Will Schuester : Listen, I gotta run. I've got an appointment to show my apartment.
April Rhodes : What's this now.
Will Schuester : Yeah, so... I need to rent out my apartment and find a smaller place to live... uh... because I'm getting a divorce.
April Rhodes : Divorce! So you're free to date? And by "date," I mean sleep with people, and by "sleep with," I mean have sex with people - people like me! Kidding. Not really.
Will Schuester : I don't know what to say.
April Rhodes : Just say congratulations. I took your advice. I went home, I told Buddy that if he wanted to keep me around, he had to ditch the old lady and give yours truly the top job. And then he died.
April Rhodes : One of his eyes went all funny and he had a stroke right in front of me.
Will Schuester : Jeez, April, are you okay?
April Rhodes : Okay? I'm rich. The old battle ax was afraid I'd go to the Lima Times, so she shut me up to the tune of $2 million. So I'm sobering up and I'm heading to the Broadway, Will. I haven't had a drink in forty-five minutes.
Will Schuester : Sue! We need to talk.
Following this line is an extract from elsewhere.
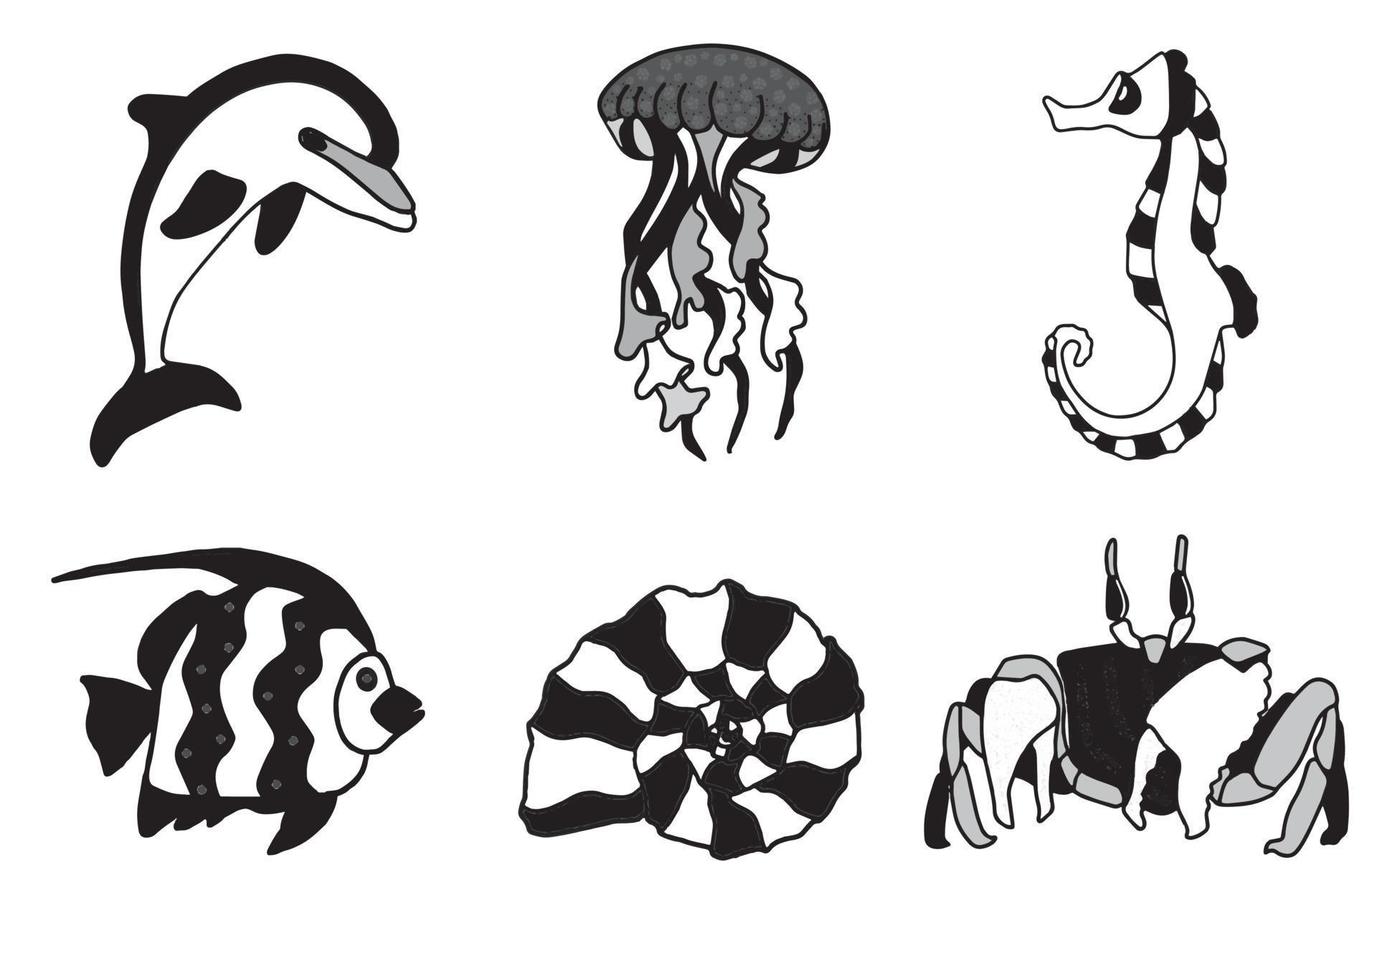 ensemble monochrome de la vie marine avec dauphin, méduse, hippocampe, poisson, coquillage et crabe. illustration vectorielle eps avec fond transparent. modèle de conception, autocollants, création de motifs. vecteur

The auditorium is padlocked!
Sue Sylvester : Well, that's curious. Did you check the sign-up sheet?
Will Schuester : What sign-up sheet?
Sue Sylvester : [pulling it out] Why, the one I keep right here in my waistband, William. Let's see. Yeah, I've got the entire week booked solid. Got a big magazine feature coming up. It's a little chilly for my girls to be praciticing outdoors.
Will Schuester : Yeah? Well, let's see what Figgins has to say about this.
Sue Sylvester : Oh, I'm sure Figgins will just mumble something nervously and then pretend to take a phone call. I happen to be blackmailing him.